I saw Sasha Kaun ranked as the #67 prospect in this year's draft, which means he probably won't get drafted. He impresses me a lot with his hustle and tenacity. I think he has more quickness and skill than most people realize. He is good on the boards and doesn't make stupid mistakes. I think he was kind of lost in the shuffle on an absolutely loaded Kansas team. To me he is a real sleeper with a lot of upside potential. So, I'd love to see the Spurs bring him in as a FA.

What do you think?


----------



## sasaint (Jun 28, 2005)

A thread just posted on the Pacers' board indicates that his performance at the combine was very good, and that Kaun worked out for the Pacers today. I predict this guy will have as good a career as most of the "big name" big men in this draft, which is admittedly a poor one for big men. I hope the Spurs go for him either with their late pick in the 2nd round or as a FA.


----------



## sasaint (Jun 28, 2005)

I brought up Sasha Kaun some time back. Chad Ford reports in his latest mock draft on espn.com that Kaun has a big offer on the table from the new Russian league. Consequently Ford has him falling to #60 in the draft - to Boston! I wonder if SA couldn't convince him to stay in the US if they drafted him with their 3rd pick (#57)? He reportedly had better workouts than DeAndre Jordan. If he plays in the NBA, he will be a very good career backup.


----------



## Redeemed (Feb 2, 2008)

I think I was the guy that posted about him  anyways I think he will be a steal.


----------



## croco (Feb 14, 2005)

Kaun has already signed a three year deal with the CSKA.


----------



## sasaint (Jun 28, 2005)

croco said:


> Kaun has already signed a three year deal with the CSKA.

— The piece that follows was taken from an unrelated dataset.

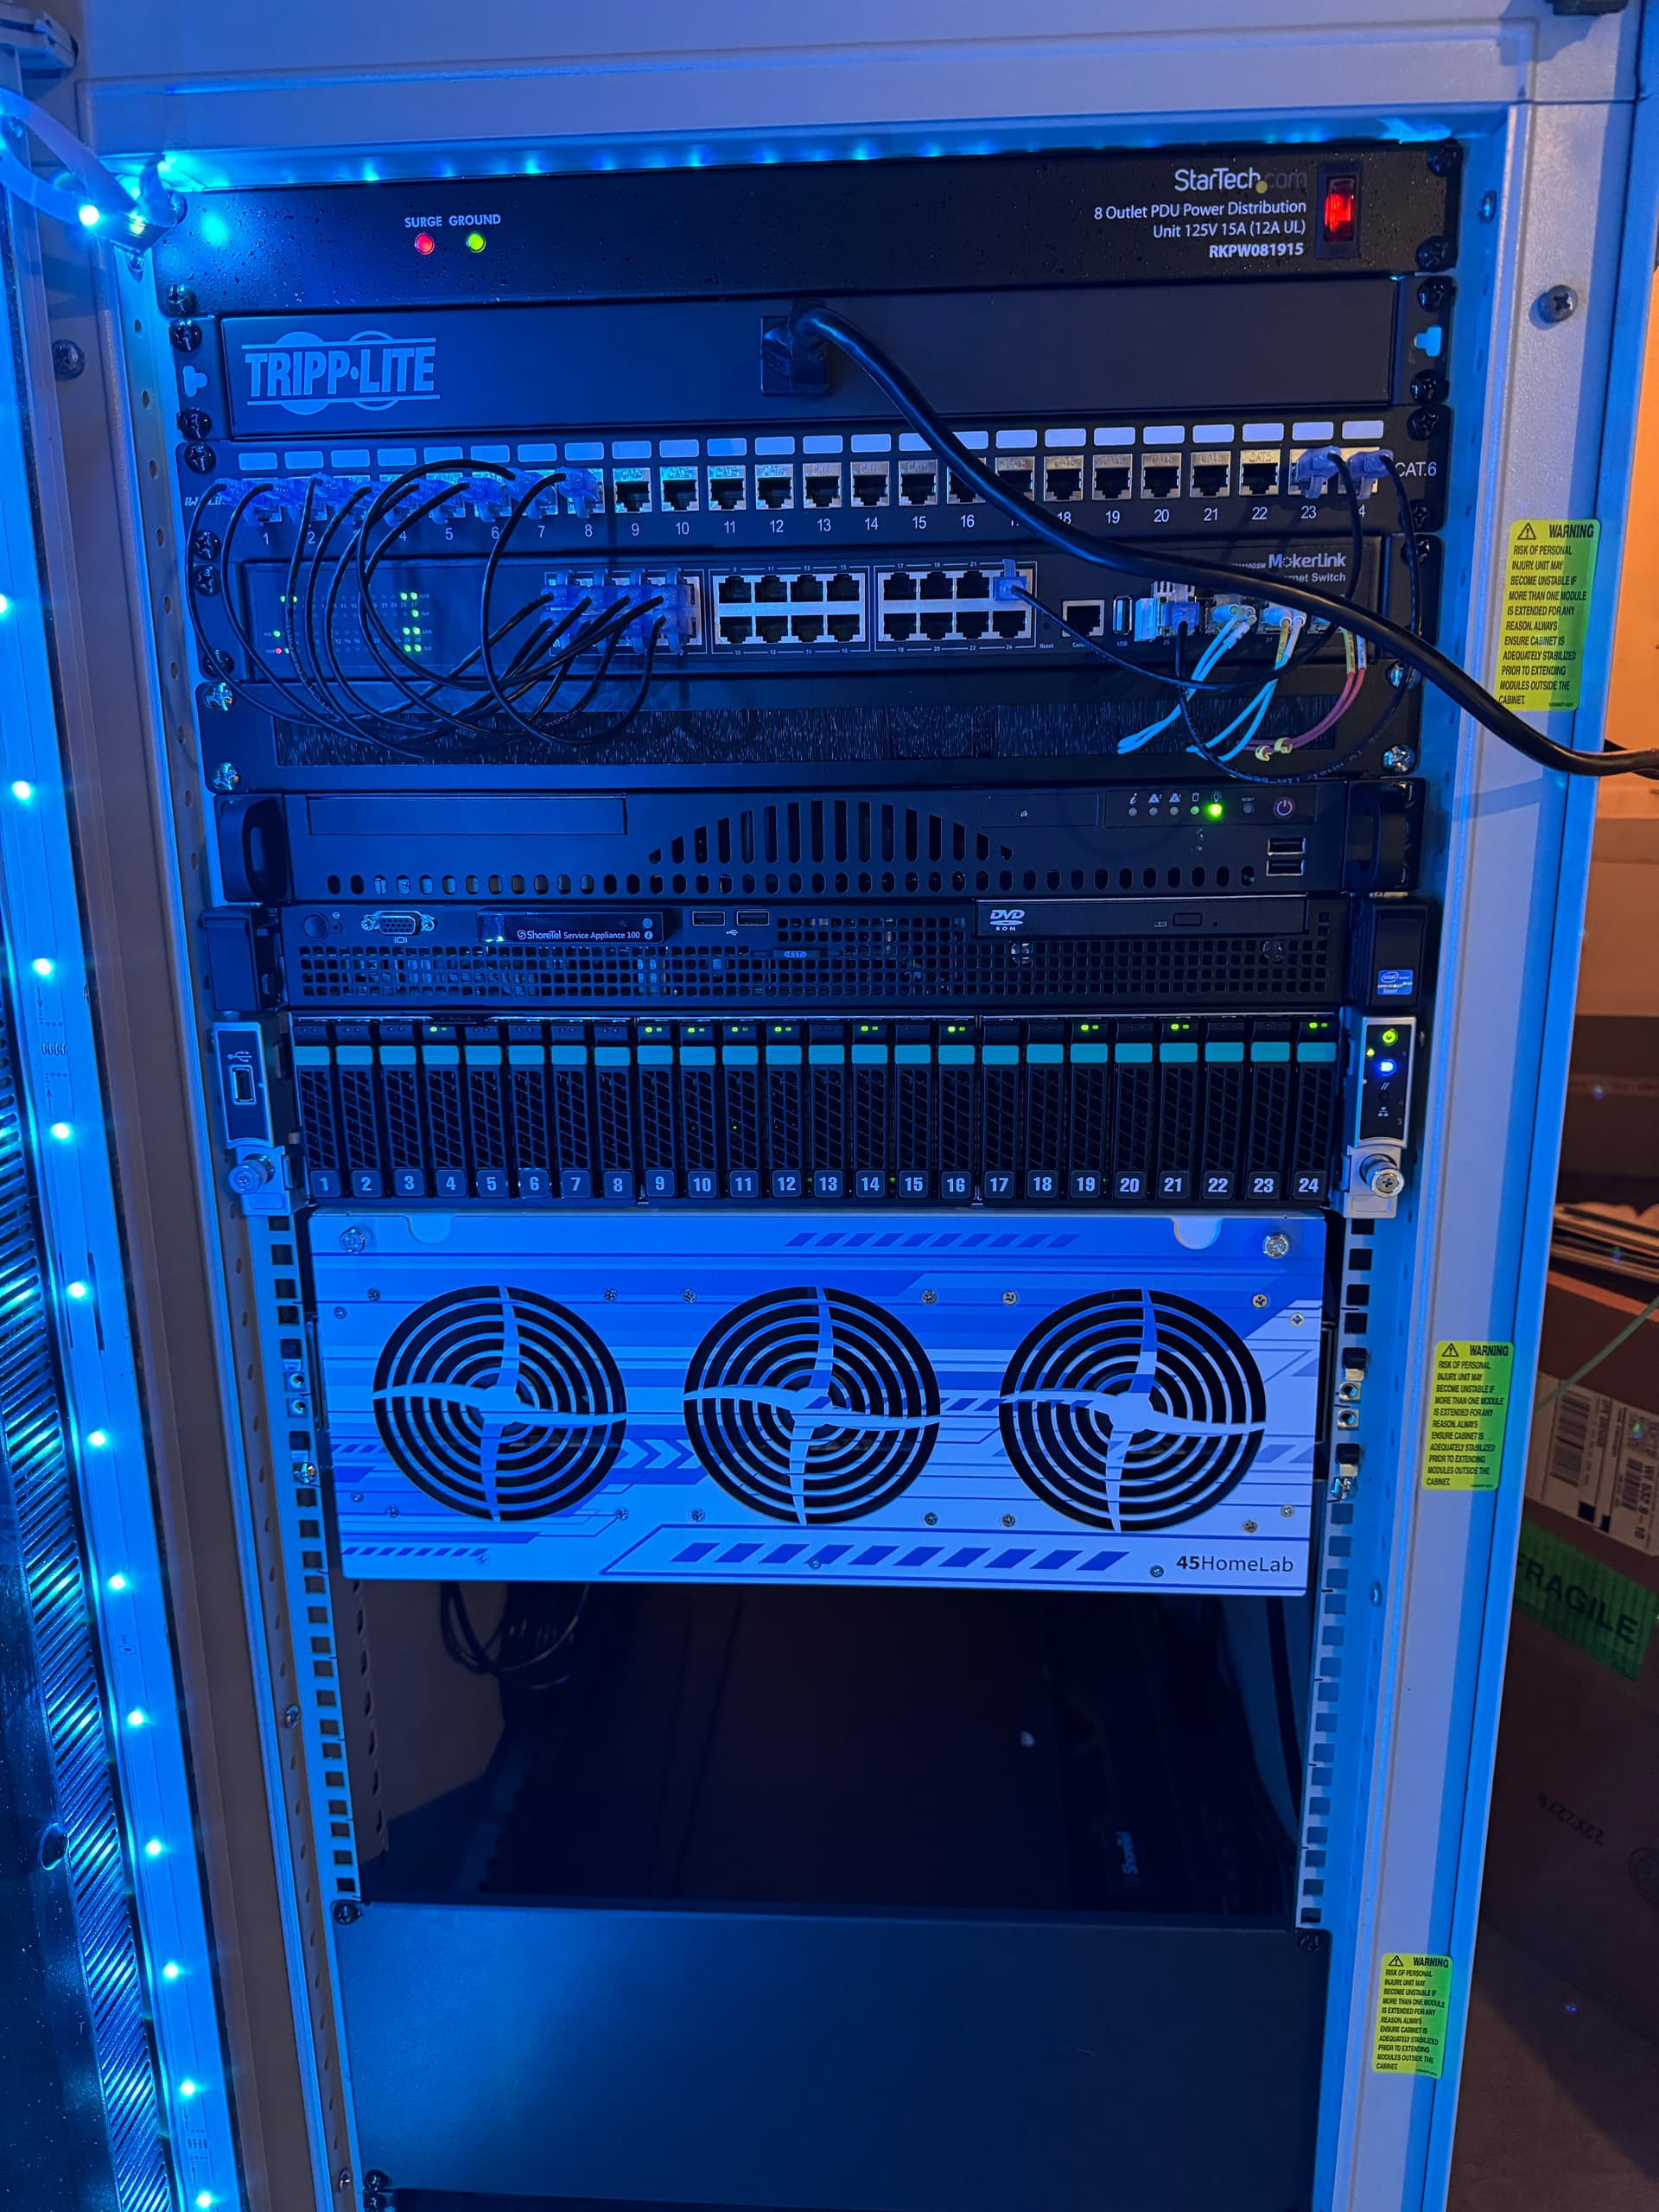 Looking for a 19 Rack Deployment?

Chad Ford only reported on espn.com that a big offer was on the table. Has it been signed? Has it been made public somewhere?


----------



## sasaint (Jun 28, 2005)

DienerTime said:


> I think I was the guy that posted about him  anyways I think he will be a steal.

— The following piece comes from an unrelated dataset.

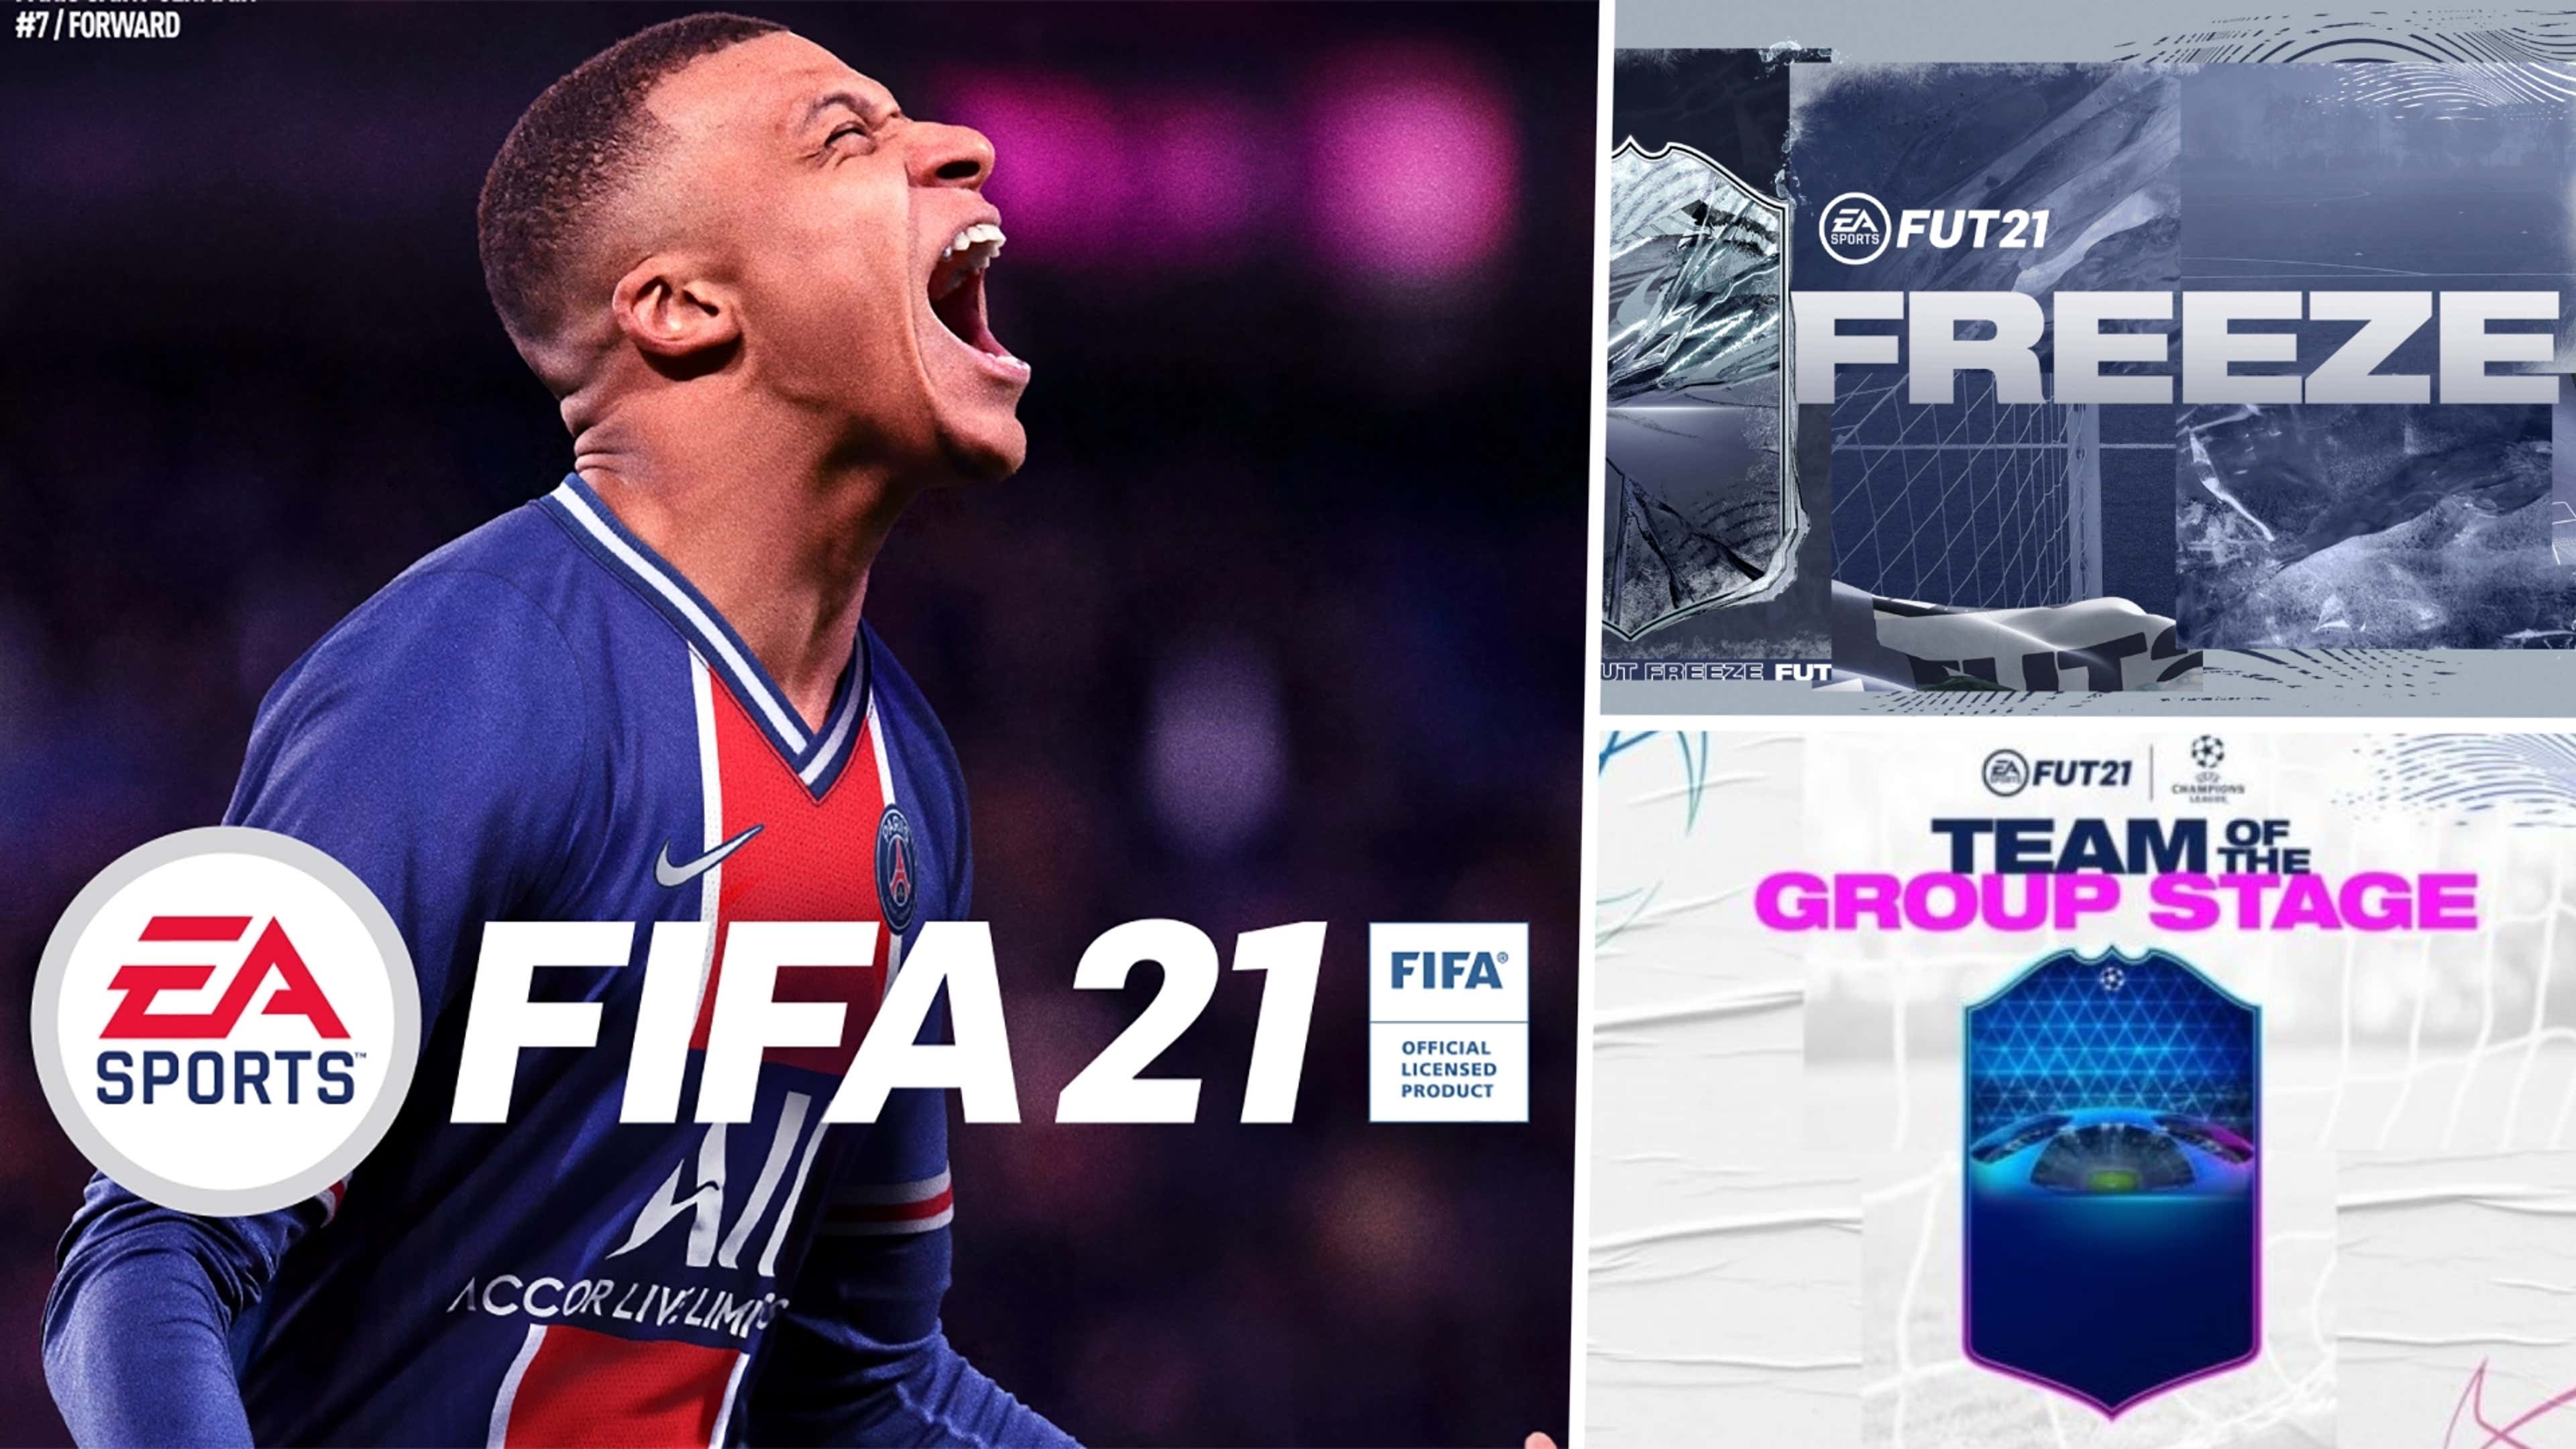 FIFA 21: Champions League Team of the Group Stage release date

I got the info about his workout from a post on the Indiana forum - musta been yours. But a week or two before that I had stated,"Sasha Kaun will get drafted and have a successful career as a backup in the nba" on one of those Buy/Sell threads. Nobody bought it!

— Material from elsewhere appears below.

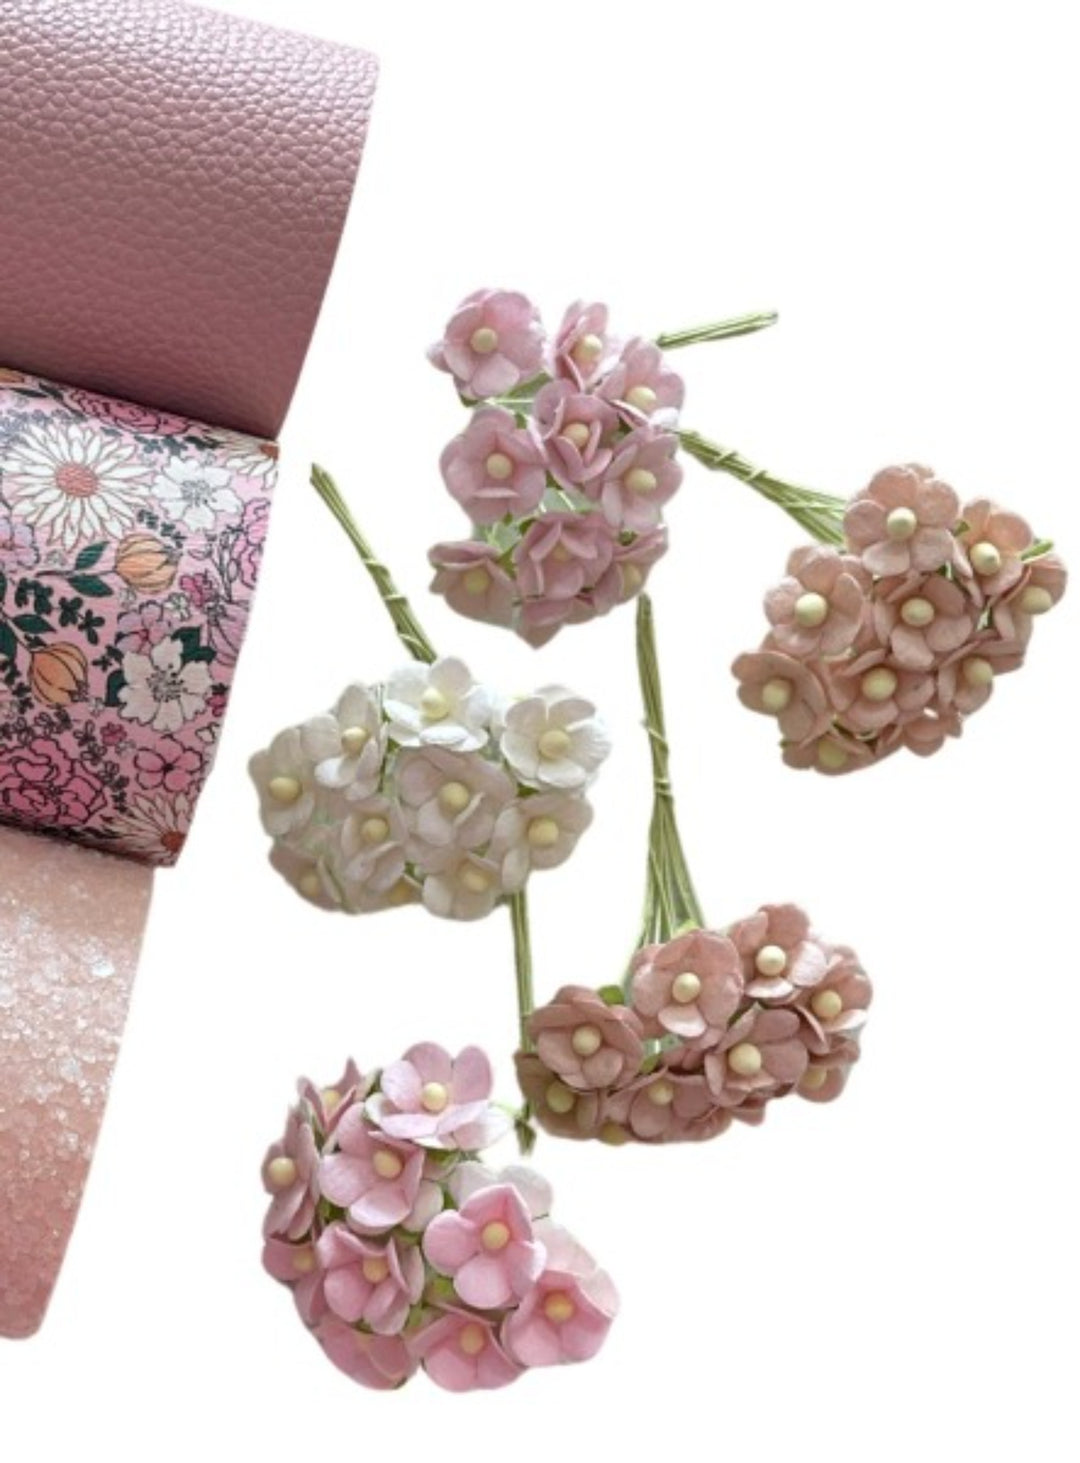 Spring Pink Boho 15mm Sweetheart Blossoms Mulberry Paper Flowers - Mixed Pantone Shades

I said you guys from Indiana know hoops, and I was gratified to see him valued over on the Pacers' board.


----------



## croco (Feb 14, 2005)

sasaint said:


> Chad Ford only reported on espn.com that a big offer was on the table. Has it been signed? Has it been made public somewhere?


It's confirmed on the official site of CSKA since Sunday: http://www.cskabasket.com/news/?a=news&id=5464&lang=en


----------